Sumber gambar: www.annida-online.com


Untuk hal ini, Buku felix Y Siauw yang berjudul How to Master Your Habits bagus sekali untuk kalian baca. Di buku tersebut dijelaskan bagaimana caranya membentuk kebiasaan. Intinya, kebiasaan itu lahir dari practice (latihan) dan repetition (pengulangan). Sesuatu hal yang kita lakukan secara berulang-ulang akan menjadi kebiasaan. Hanya saja, masalahnya adalah; untuk memulai sesuatu kebiasaan biasanya susah sekali alias berat, termasuk membaca.
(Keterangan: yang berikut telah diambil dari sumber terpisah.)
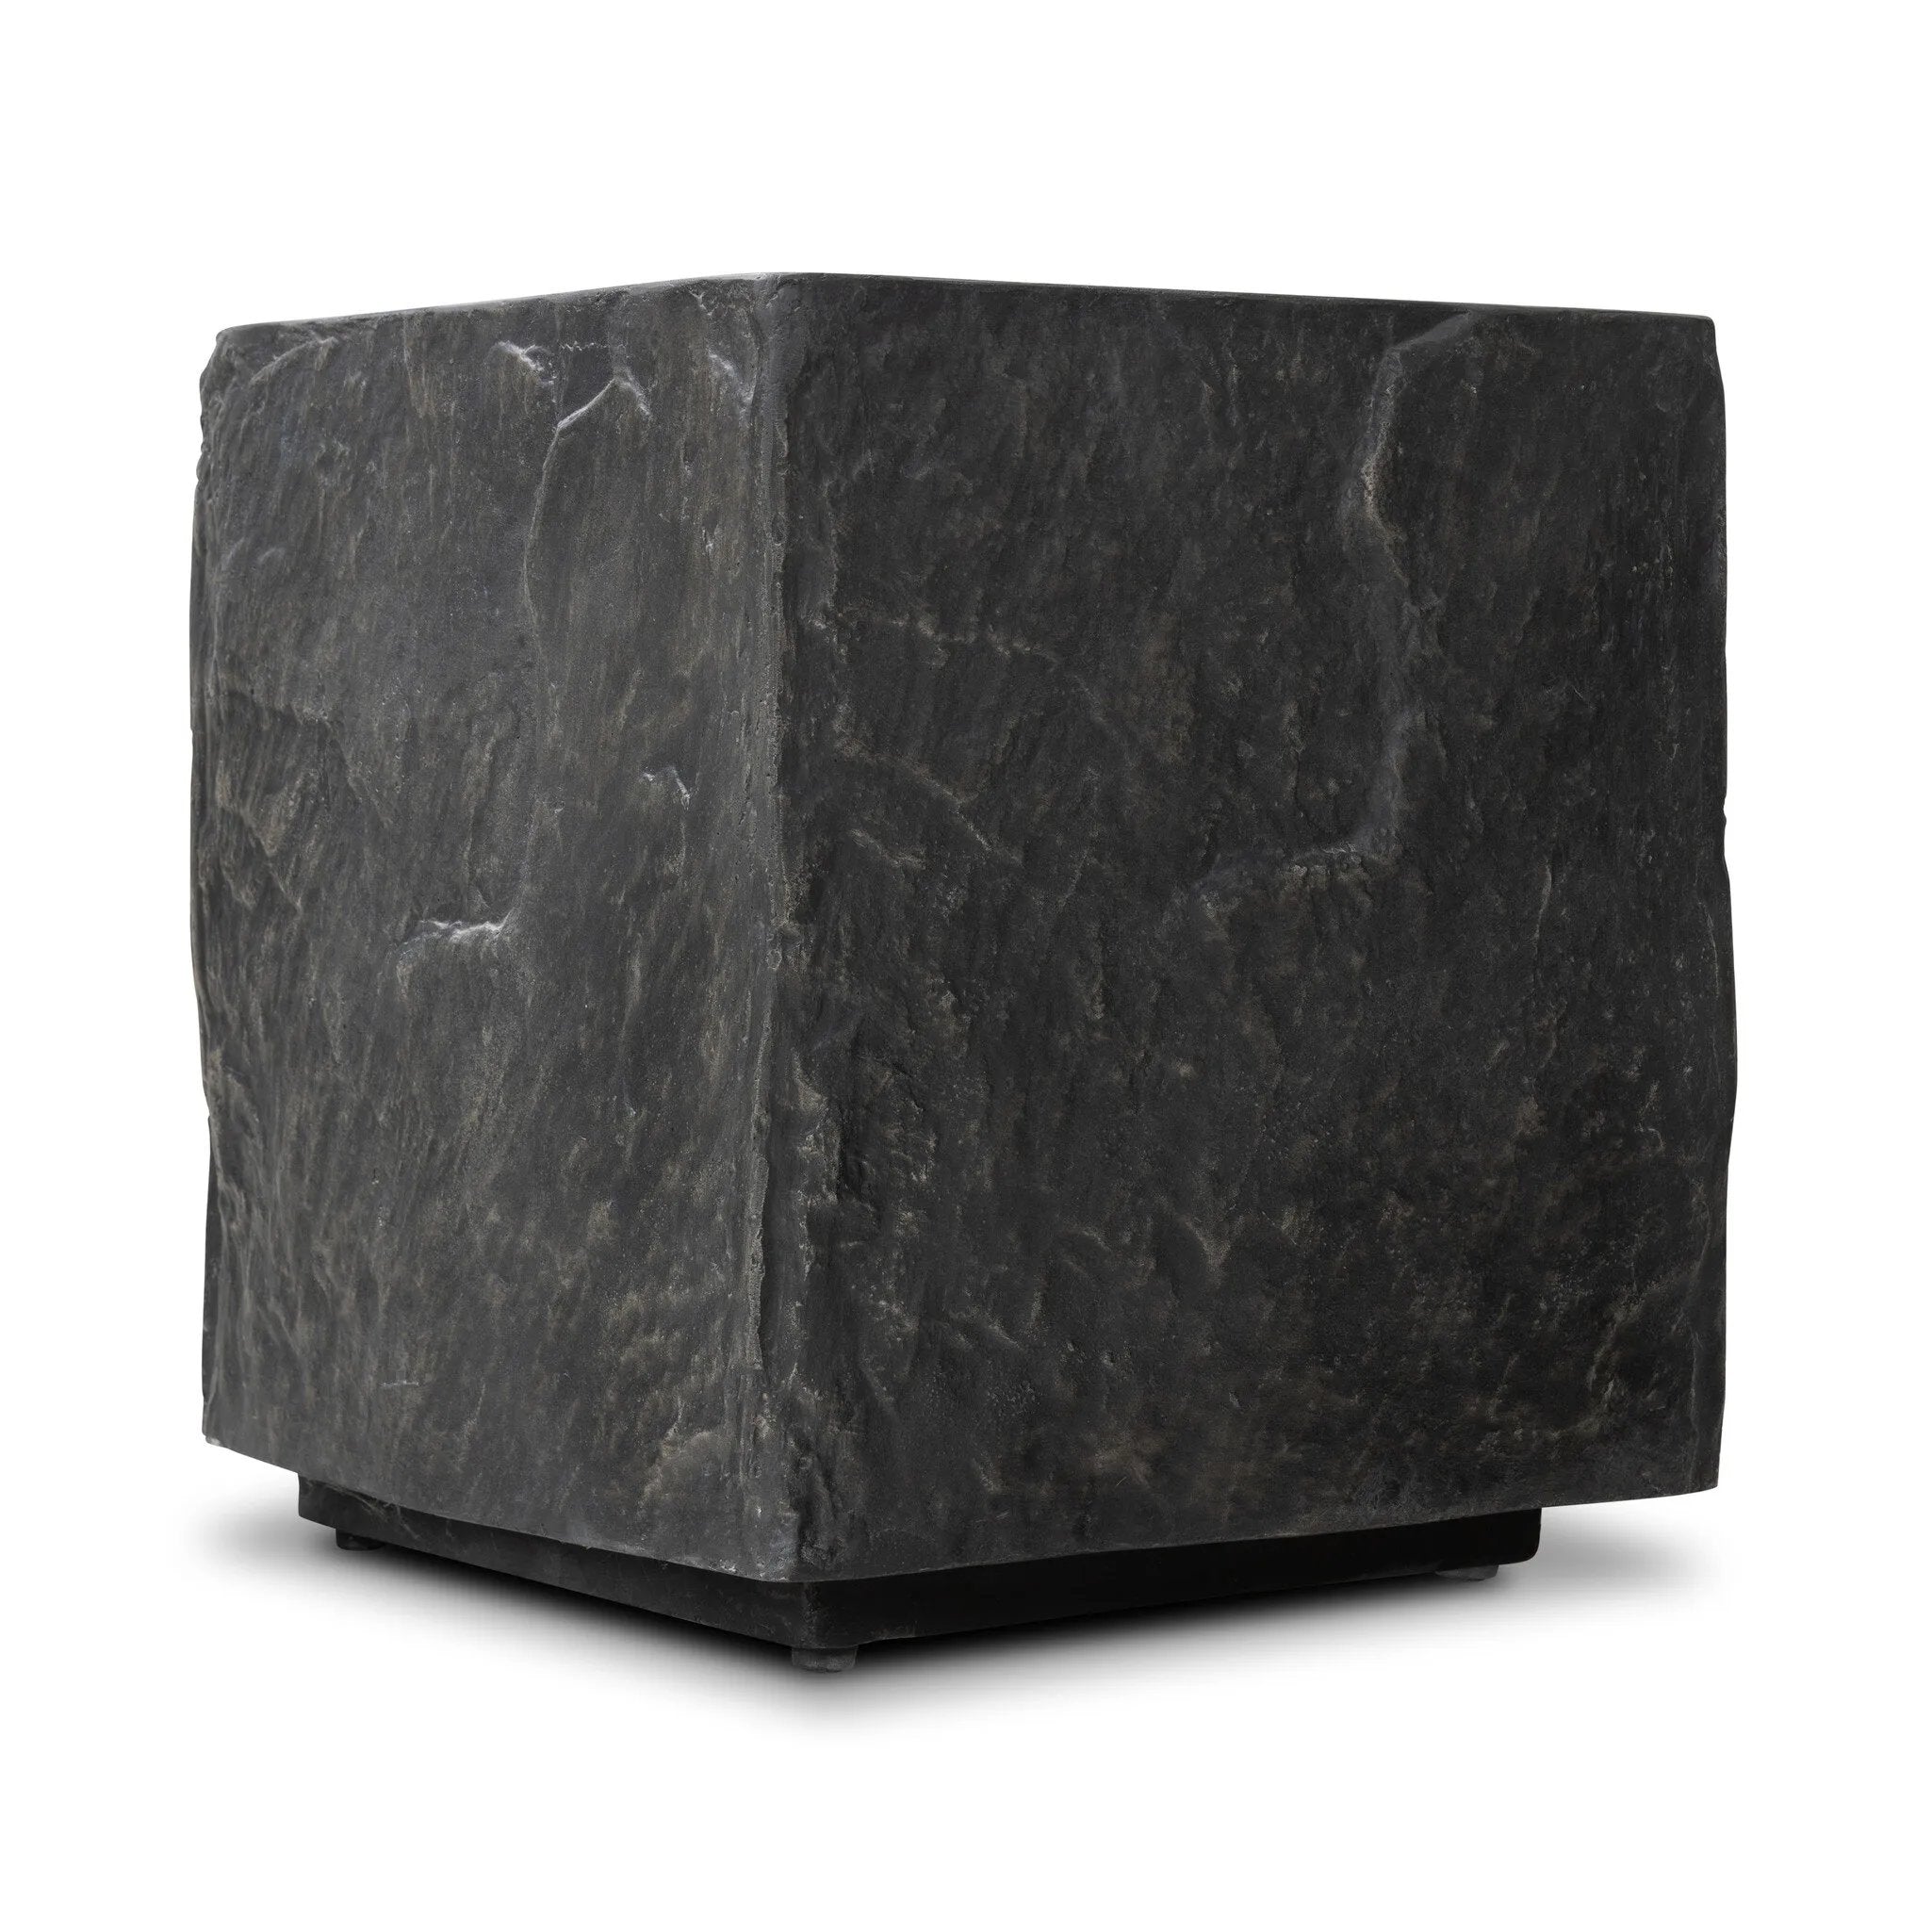 Cast black concrete features heavily textured sides that resemble natural slate, paired with a smoothed tabletop.Collection: Chandle Amethyst Home provides interior design, new home construction design consulting, vintage area rugs, and lighting in the Laguna Beach metro area.

Gue dulu juga gitu, awalnya coba-coba baca dua halaman perhari, besoknya baca lagi dua halaman, besoknya seperti itu lagi. Awalnya emang berat, baru baca satu halaman udah ngantuk, baca dua halaman udah ketiduran, pas masuk ke halaman ketiga, iler udah bertaburan kemana-mana. Namun, lama-kelamaan kita akan terbiasa dan gak bisa hidup satu hari tanpa membaca buku. oke, gue terlalu lebay.

Agar kejadian iler yang bertaburan membasahi kertas buku tidak terulang, gue pengen ngasi tips ke kalian gimana caranya menumbuhkan kebiasaan membaca buku tanpa awal yang berat. Sehingga nanti ketika kalian baru pertama kali membaca, kalian udah ketagihan tanpa harus trauma dan nyerah, “Udah ah, malas gue mau baca lagi”, gak taunya baca coretan revisi.

Tips 1: Perdalam rasa ingin tahu!.

Rasa ingin tahu adalah hal fitrah dari manusia. Coba lihat anak kecil!, hal apa saja selalu mereka tanyakan kepada orang yang ada di dekatnya.

“Yah, apa tu?”, tanya sang anak.

“Itu bebek”, jawab sang ayah.

“Apa tu?”, tanya anaknya lagi.

“Itu bebek nak, Be-Ebe-Be-Ebe-Ka”, jelas ayah dengan sabar sambil mengeja.
“Yah, apa tu Yah?”, tanya sang anak lagi.

“Itu bebek, tau gak, bebek, bebek, bebek, bebek”, jawab sang ayah kesal sambil niruin gaya bebek, mengepakkan tangannya dan akhirnya terbang dan menghilang.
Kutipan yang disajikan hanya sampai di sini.